User Segmentation

Segment users from feedback data based on behavior, JTBD, and needs. Identifies at least 3 distinct user segments. Use when segmenting a user base,

What Is This?

Overview

User segmentation is the process of dividing a user base into distinct groups based on shared behaviors, motivations, needs, and jobs-to-be-done (JTBD). Rather than treating all users as a single homogeneous audience, this skill analyzes feedback data to surface hidden customer groups that behave differently, want different outcomes, and require different product responses. The result is a structured segmentation model that product teams can act on immediately.

This skill draws on qualitative and quantitative feedback sources, including survey responses, support tickets, interview transcripts, and usage logs. It applies behavioral clustering and JTBD frameworks to identify at least three distinct user segments, each defined by a consistent pattern of goals, pain points, and decision-making criteria. The output gives teams a shared language for discussing their users with precision.

The segmentation model produced by this skill is not a static persona document. It is a working analytical framework that connects user behavior to product decisions, prioritization, and messaging strategy.

Who Should Use This

  • Product managers who need to prioritize features for specific user groups rather than a generic average user
  • UX researchers analyzing large volumes of mixed feedback that appear contradictory without segmentation context
  • Growth and marketing teams building targeted acquisition or retention campaigns based on behavioral profiles
  • Designers who need to understand the distinct workflows and mental models of different user types before making interface decisions
  • Startup founders validating whether their product serves one coherent audience or multiple distinct ones
  • Customer success teams mapping support patterns to underlying user needs and segment-specific friction points

Why Use It?

Problems It Solves

  • Conflicting feedback from different user types gets averaged out, leading to product decisions that satisfy no one fully. Segmentation separates these signals so each group is heard accurately.
  • Teams build features for an imagined average user who does not actually exist in the data, wasting development cycles on low-impact work.
  • Roadmap prioritization becomes political rather than evidence-based when there is no shared model of who the users are and what they need.
  • Messaging and onboarding flows fail to convert because they address the wrong job-to-be-done for a given user type.
  • Support and success teams cannot scale their responses efficiently without knowing which segment a user belongs to and what that implies about their needs.

Core Highlights

  • Identifies a minimum of three distinct user segments from raw feedback data
  • Applies jobs-to-be-done framing to define each segment by motivation, not just demographics
  • Surfaces behavioral patterns that distinguish segments from one another
  • Produces segment profiles with named characteristics, goals, and friction points
  • Connects segment definitions to actionable product and messaging implications
  • Works with qualitative data, quantitative data, or a combination of both
  • Reduces noise in feedback analysis by attributing signals to specific user groups
  • Provides a reusable segmentation model that can be updated as new data arrives

How to Use It?

Basic Usage

Provide the skill with a body of user feedback. This can be raw text, structured survey exports, or a combined dataset. A minimal invocation looks like this:

Input: [paste user feedback data or upload transcript file]
Task: Segment users based on behavior, JTBD, and needs.
Output format: At least 3 named segments with profiles.

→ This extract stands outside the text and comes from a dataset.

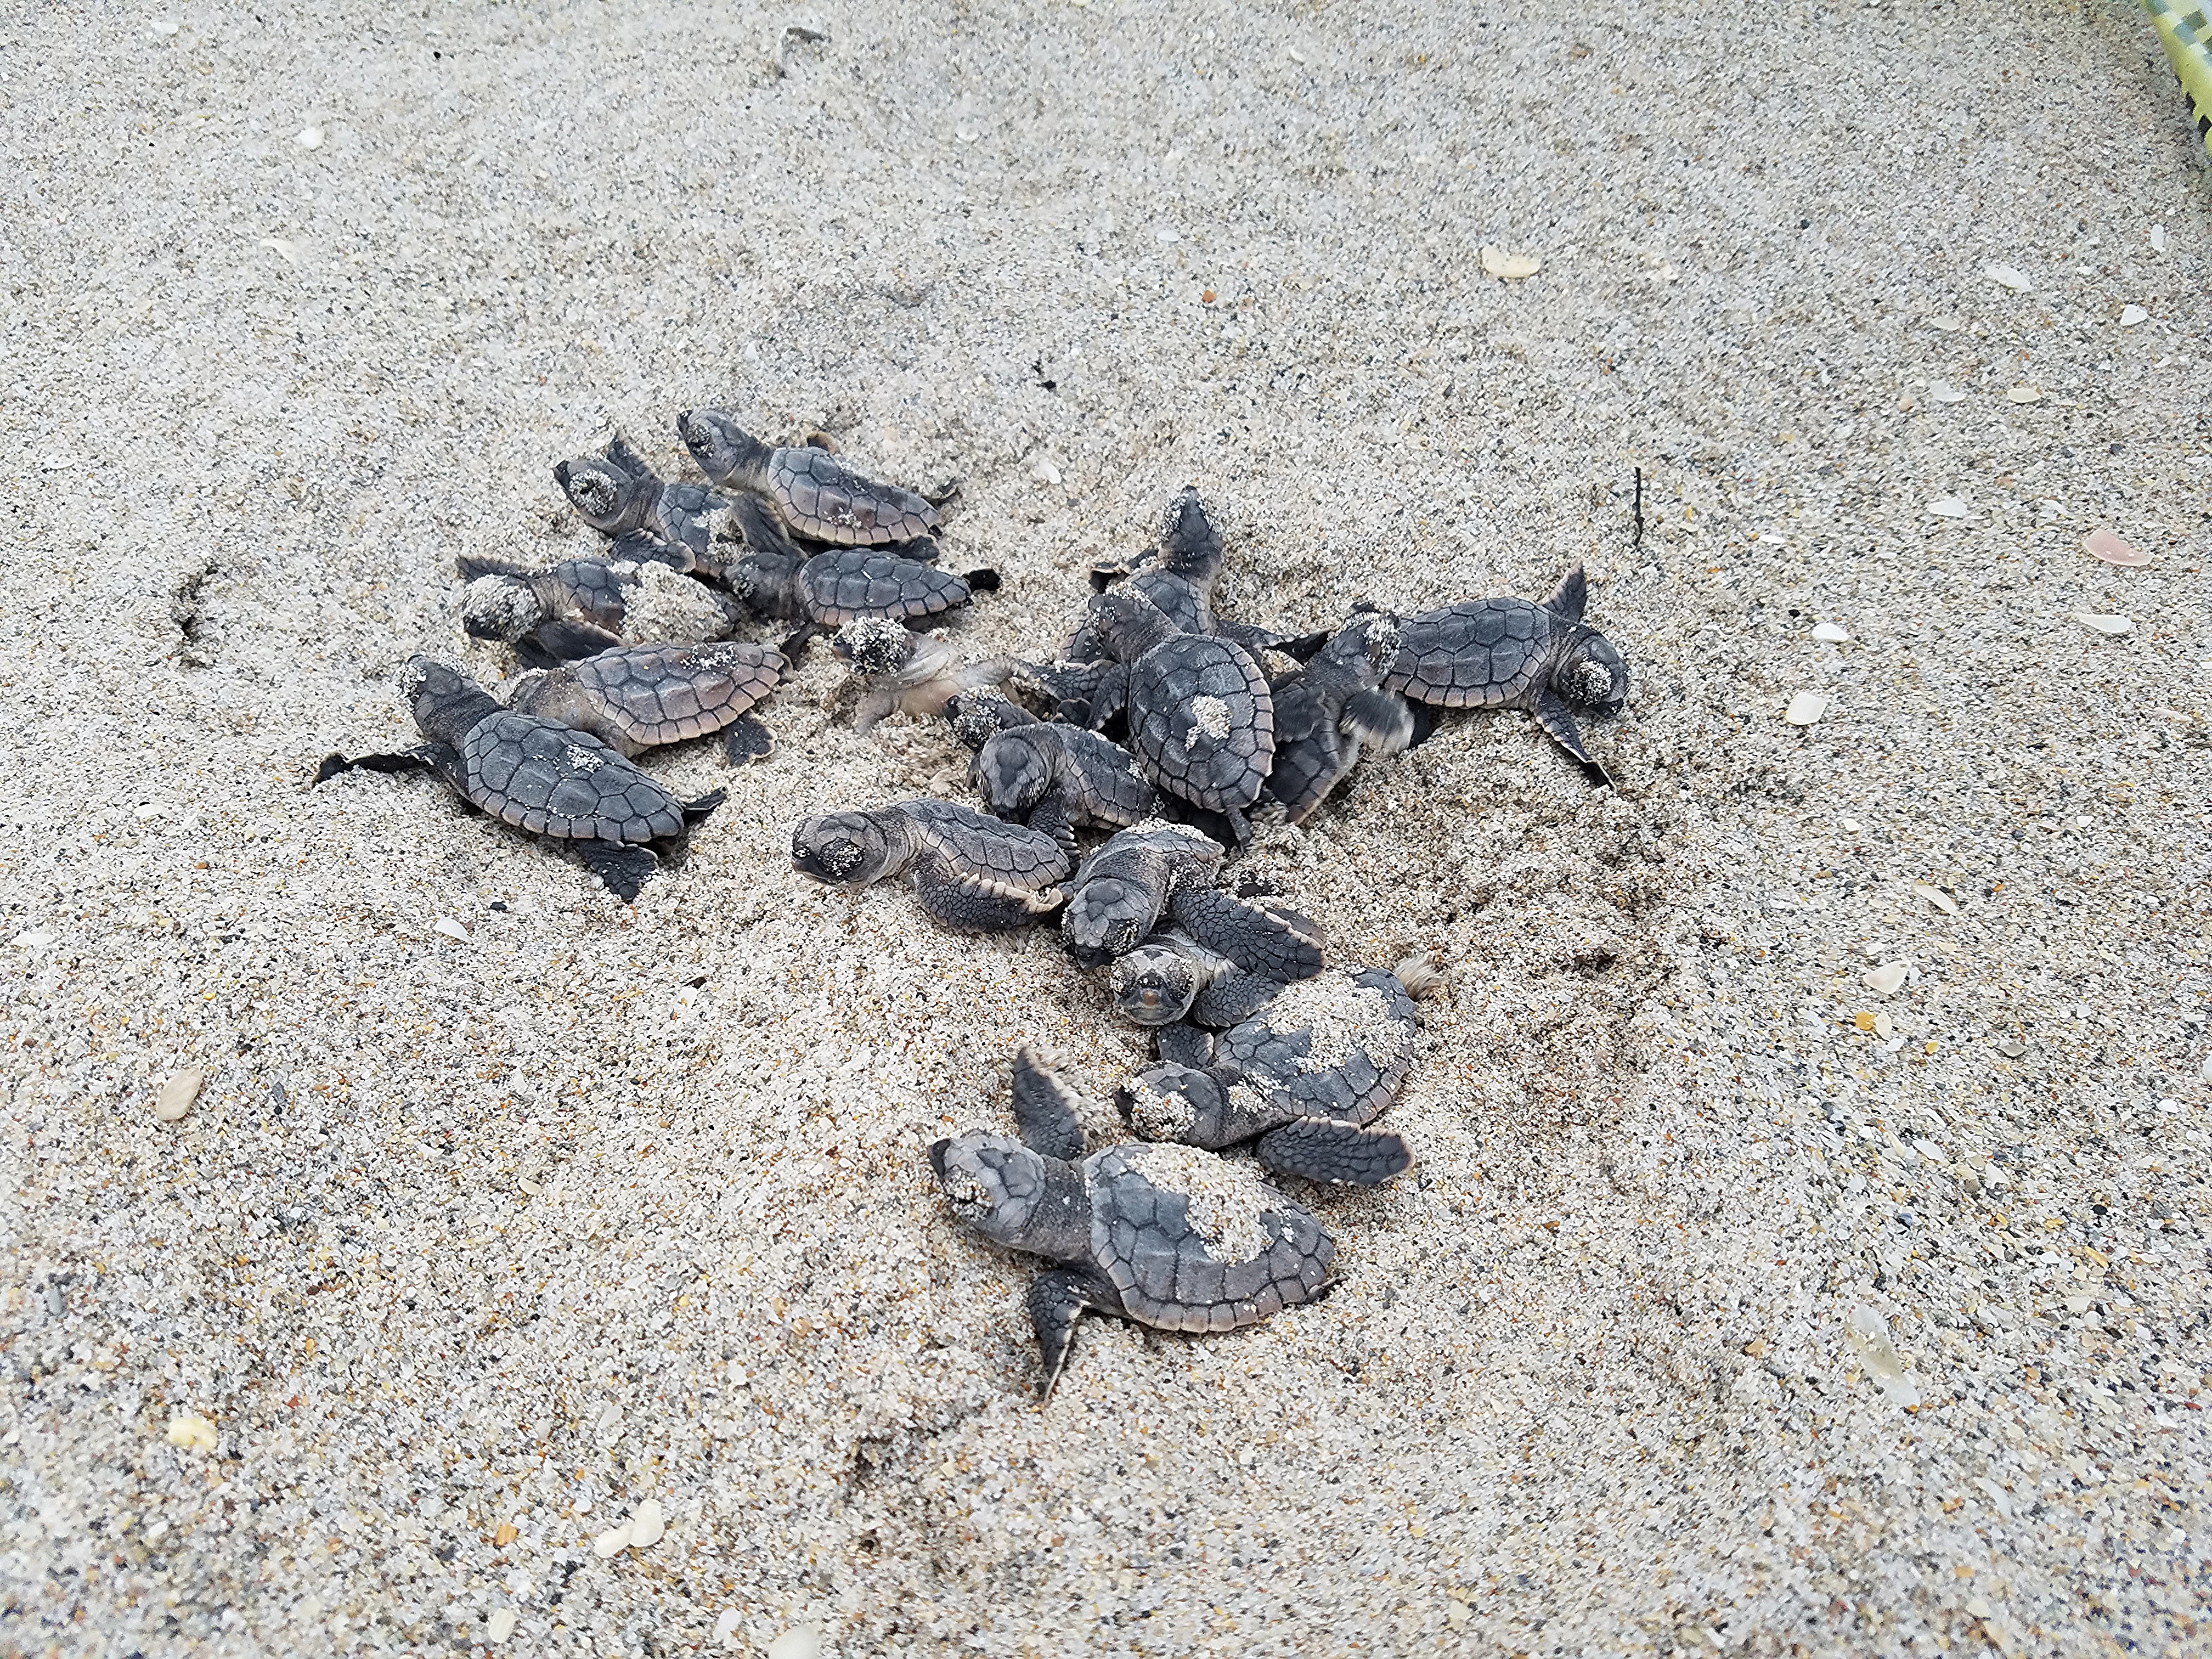 hatchling sea turtles.jpg

The skill will parse the input, identify recurring behavioral and motivational patterns, and return a structured segmentation report.

Specific Scenarios

Scenario 1: Analyzing survey responses after a product launch. Export open-ended survey responses to a CSV file and pass the text column to the skill. It will cluster responses by underlying job-to-be-done and return distinct segments with representative quotes.

Scenario 2: Processing support ticket archives. Feed a batch of support tickets into the skill with a note about the product context. The skill identifies which user types generate which complaint patterns, producing segments defined by friction rather than demographics.

Real-World Examples

A B2B SaaS team discovers through segmentation that their user base contains three groups: power users automating workflows, occasional users completing one-off tasks, and administrators managing access. Each group needs a different onboarding path.

A consumer app team finds that feedback about "too complicated" comes entirely from one segment, while another segment actively requests more advanced controls. Without segmentation, these signals cancel each other out.